Home / Opinion / Columns /  America should look past the geopolitical haze for EV gains

In the 1980s, as Japanese cars flooded the US auto market, the Ronald Reagan administration found a way to limit them with tariffs and import quotas. It resulted in the likes of Toyota setting up factories in America. They churned out millions of vehicles that led to the proliferation of an efficient auto-supply chain and employed thousands of workers. If the US plays it right, this could happen again—sans the tariffs—as it tries to build its own electric-vehicle supply chain independent of the world’s big factory floor, China.
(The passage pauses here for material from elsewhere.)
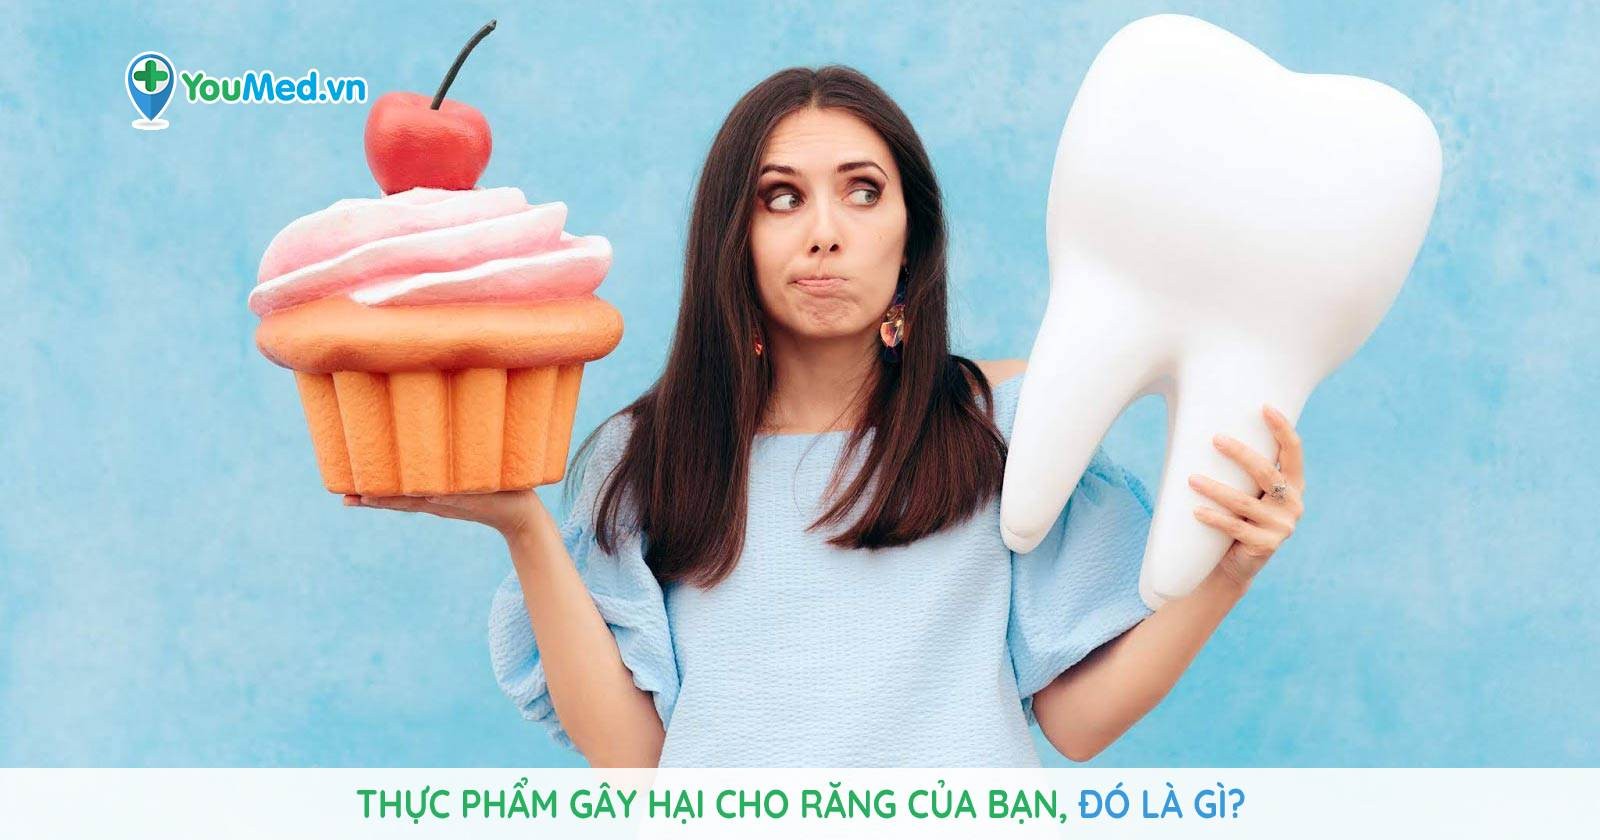 Thực phẩm gây hại cho răng của bạn, đó là gì

As the EV hype ramps up and a shortage of batteries emerges, industrial giants like SK Innovation, Honda Motor, LG Energy Solution, Panasonic Holdings and Toyota have announced billions of dollars of facilities across the US to make powerpacks. To ensure that much of it comes from North America, some are sourcing raw materials from Canada as the nation deepens its ties with South Korea. Since the beginning of 2021, more than 15 new facilities or expansions, concentrated around the Midwest and South, have been disclosed in the US, a potential investment of at least $40 billion. These firms are plugging a key technology gap that the US is trying to fill. State governments have welcomed them with open arms. With few US companies that can make EVs and batteries on the scale South Korea can or that are commercially viable, there’s a large market to tap.

To ensure the entire supply chain shows up in the US, the Joe Biden administration introduced the Inflation Reduction Act to attract more manufacturing. Now everyone seems to want to build a battery plant. Trouble is, it hits hard those that actually strengthen the US supply chain.

For South Korea, the primary concern is top-selling EVs made by Hyundai and Kia. EVs that are not made in the US will effectively be shut out under the US industrial policy. Meanwhile, the domestic component requirements hit South Korean battery makers because many critical and processed materials used to make powerpacks are sourced from China. Seoul is asking the US for a reprieve on tax credits that put it at a disadvantage.

If the idea is that these pressures will push the tech champions of South Korea and Japan to make a bigger effort to get into the US, much like in the 1980s, then that might be misguided. While the US is a huge market, it isn’t the single-largest like it was for Toyota and Honda decades ago. The cost advantage and efficiency that the Japanese were able to enjoy back then don’t exist today—especially in the current inflationary environment. They also have large facilities in China with a deep network of suppliers, paving the way for smoother operations and bigger markets where business is easier. If capital expenditure in the US comes with too many strings attached, then it may just not make sense.

Letting South Korea and others create the big manufacturing hub that the US has been vying for would be astute. But decades-old tactics don’t align with the new world. Creating hurdles for South Korean companies that were doing well will only delay American ambitions. How are they going to source enough minerals from somewhere in North America? Where will the equipment come from? And at what cost? Ask firms that have promising technology and are hoping to benefit from the EV policy credits, and they’ll tell you how lead times for machinery are too long.

Then, there’s scaling battery technology and volumes to break even or perhaps make a profit, and that takes years. In the industry, the larger only get bigger because of their capital-intensive nature (think China’s Contemporary Amperex Technology, the world’s largest EV-battery maker). That puts the likes of LG Energy and Panasonic at an advantage, but policy hurdles will serve as huge barriers. And they’re mostly just a waste of time.

The Biden administration could learn from China on how to get the right incentives and players. South Korean companies want to expand their battery recycling facilities in China, a key step to securing stable input supplies. China welcomed Tesla and ensured this EV-maker had just about everything to get hundreds of thousands of EVs rolling out. A vast supply chain grew around it and battery makers flourished. Tesla’s Model S and Model X are on a list of vehicles eligible for tax purchase exemptions; these aren’t made in China yet, like the Model 3 and Model Y.

Moves to keep others out and the latest chip ban only serve to set the US back, if just by creating uncertainty and tension globally. If the US is able to see past the geopolitical haze, then it has a chance at a massive and smooth supply chain that boasts the best technology. Without it, it will just remain on the verge of something big for long and we’ll have few made-in-America batteries and EVs. 

Anjani Trivedi is a Bloomberg Opinion columnist covering industrial companies in Asia.